Another really cool kit that is almost working is Qwan’s digital counter. All the functions work but we’re fighting with one LED segment on the output. It’s a really nice build and I’d like to see her successful on this one.
In the not-working column is Caleb’s second VU meter that we tried to bias towards a second audio frequency range. Something is just not working reliably and it’s been a frustrating couple weeks. Noah, a new guy, keeps blowing up chips – which leads us to suspect there is a short somewhere in his board.
Nate was able to confirm full network functionality of the pollution monitor. We can FTP data to our web host thru the school firewall. We got data from the monitor. Now just to build a webpage. Next is to get the Arduino processor to integrate into the system which will make the whole thing a lot easier.
Our order of Arduino processors came in. This is a real advantage to be able to order them here in Thailand.
Lots of activity. Hopefully next week we’ll be working on pipe for the submarine – with working motor control circuits…
My camera died. No photos of the week’s work so only a narrative account…

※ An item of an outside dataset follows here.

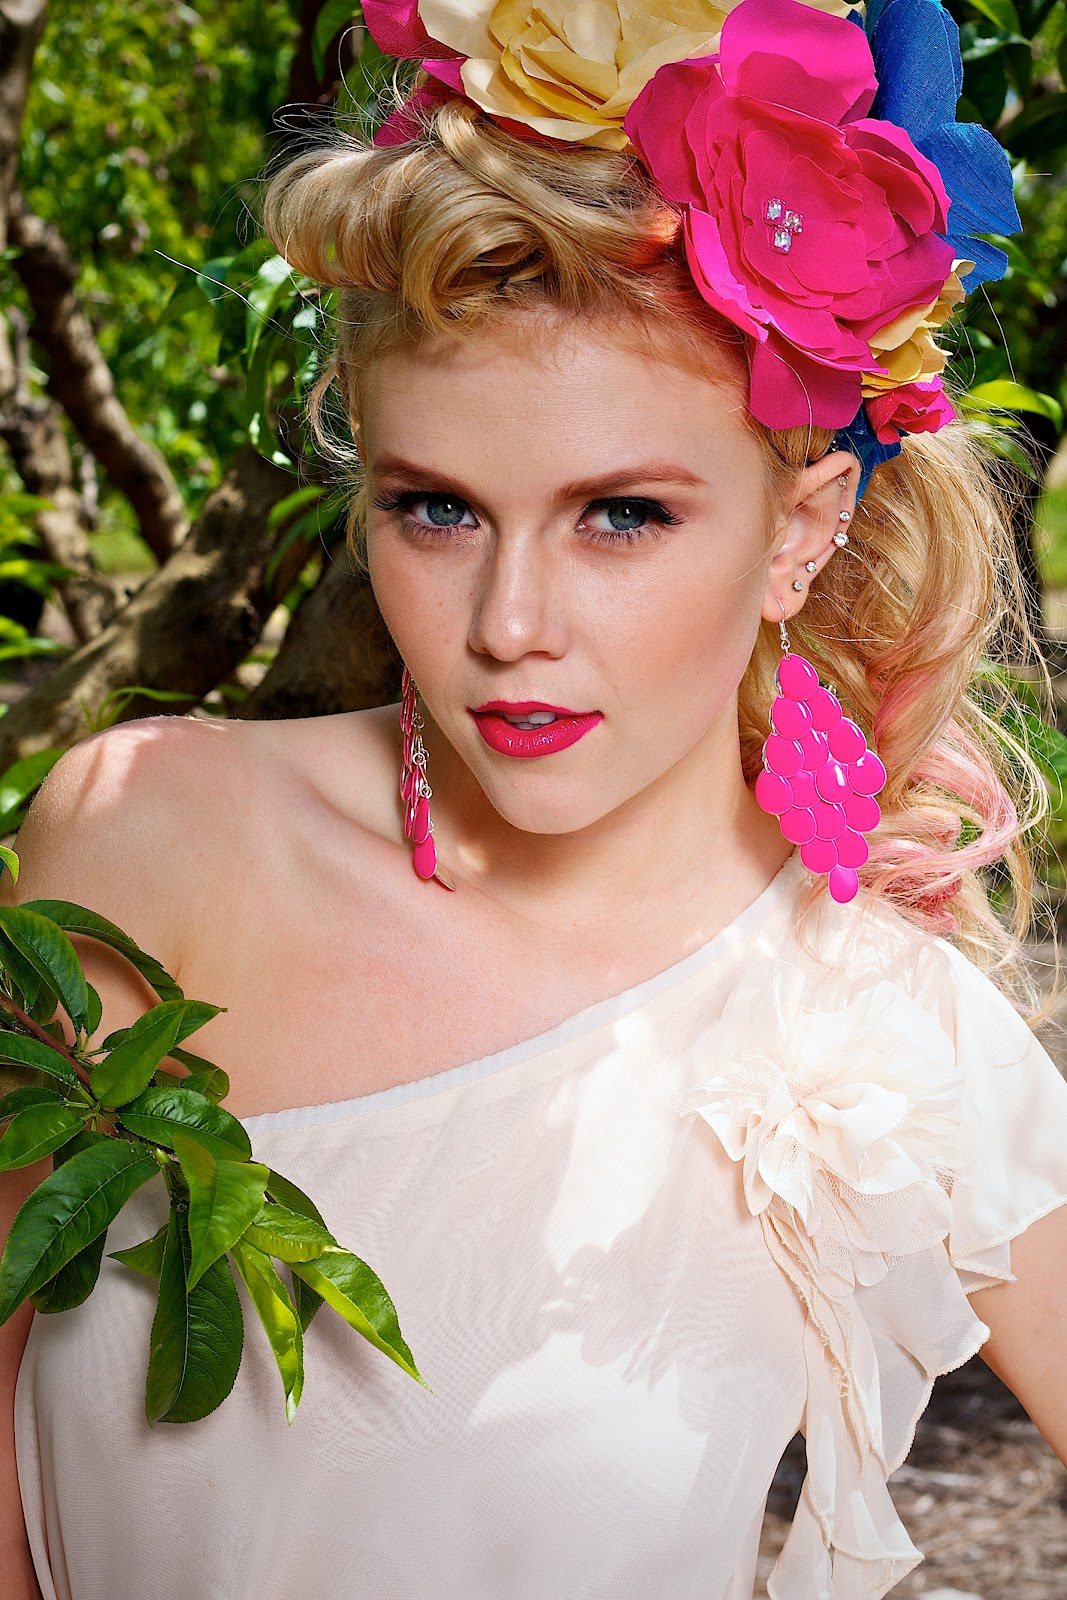 ls models pleasure Faces of Spring: Part 2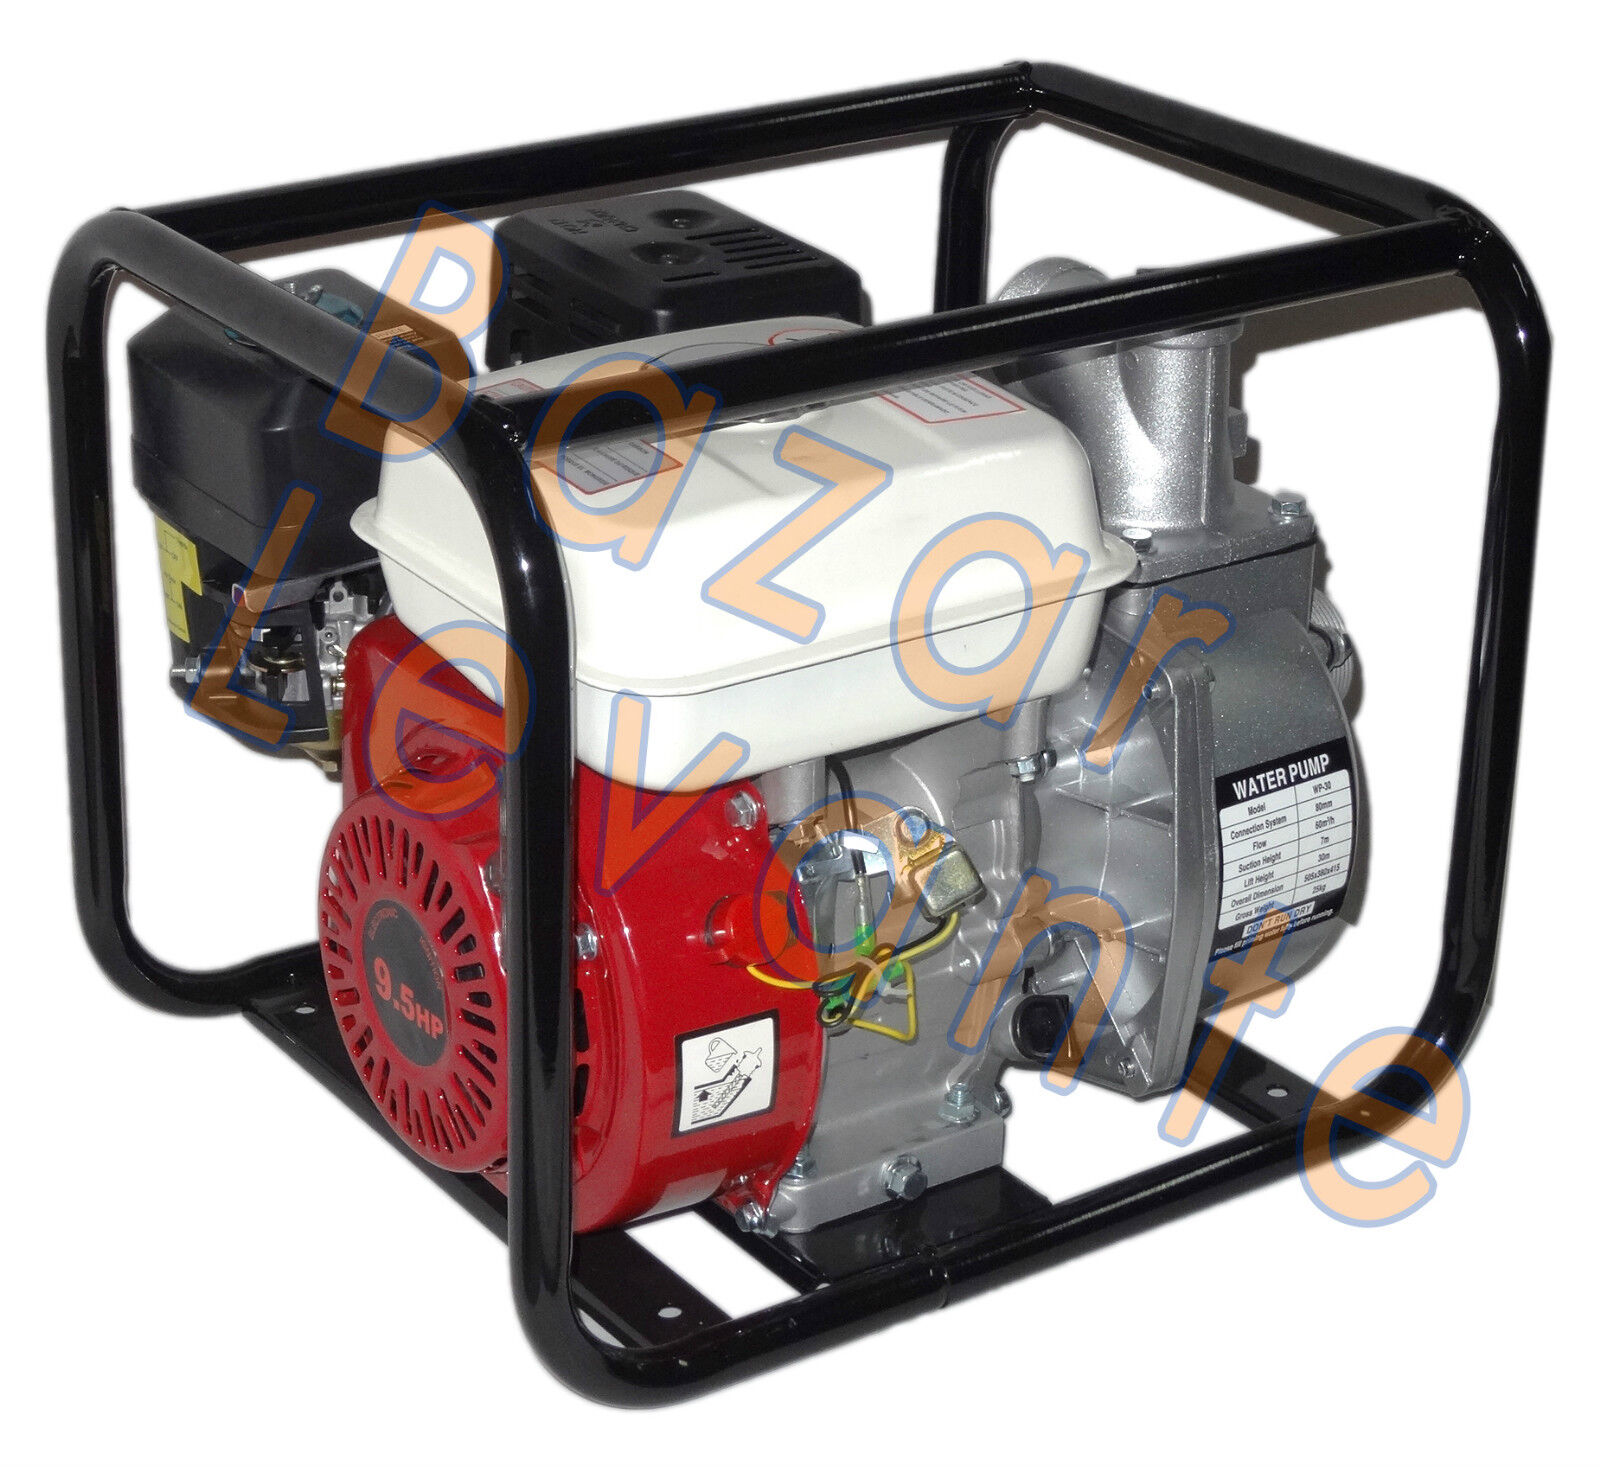 Pumpe- Wasser zu Benzin 30 m3 h 50 mm Motor Motor Motor 4T 5,5 PS-Pumpe   Angenehmes Gefühl    Exquisite Handwerkskunst  2664c5

Adrian Oliver, a friend and fellow (software) engineer, has committed to help out in the club when he is available. Adrian is the man behind PocketWeather (http://www.sbsh.net/weather-forecast-pocketweather). We’re proud to know him and his experience and passion is a great addition to the club!
Push forward on the kits. We’ve got to get them finished so we can start on the sub. The LED flashlight I picked up on the border was pretty much junk so I need to rebuild it completely. The plastic is nice but the electronics burned out as soon as it was powered up. Still a good deal – a 19 LED mirrored reflector and bezel for just 150 THB ($5). We could never make something this perfect ourselves, that is to say, we couldn’t make the plastic parts, we’re redoing the electrics…
We’ll give it one more week and then purchase our own big PVC pipe for the sub body. The school has some scraps but we might be moving faster than them. We’ll see. I demonstrated a simple, forward only, motor controller and purchased replacement motor controller chips for the two that we blew up testing the microcontroller. Hopefully, by the second week in October we’ll have some stuff ready to integrate on the bench. I’m really excited about the remote control project. That will be great if we can get it to work…
We got the pollution monitor FTP to log in successfully showing we can now get thru the school’s firewall. We were also able to remote control the PC so that is confirmed working as well. Need to commit more time on proving the file/data transfer so we can get this project really moving.
The older guys finished up two of the VU meters and tested them. Both worked fine. We started to try to adjust the input frequency response of one of the boards only to find we didn’t have the expected capacitors in the locker. Purchase task; one set of about 10 caps to experiment with… Chiang Mai has run out of waterproof LED strips. We’re ready to solder and we need them – NOW!
A quick retro post from before the international school year started…
Each year as the new students come in there is an opportunity to “sell” the extracurricular activities.
It’s always fun to see the excitement of the new kids and the anticipation of those just a bit too young for our club. I demonstrated last year ROV, a bunch of photos, and one of the “useless machines” that turn themselves off.
Everyone says we should do a public Science Fair like the old days. If this activity is any indication then there are a lot of people that would participate.
I’d love to be able to do a fair like this at the other schools in the city.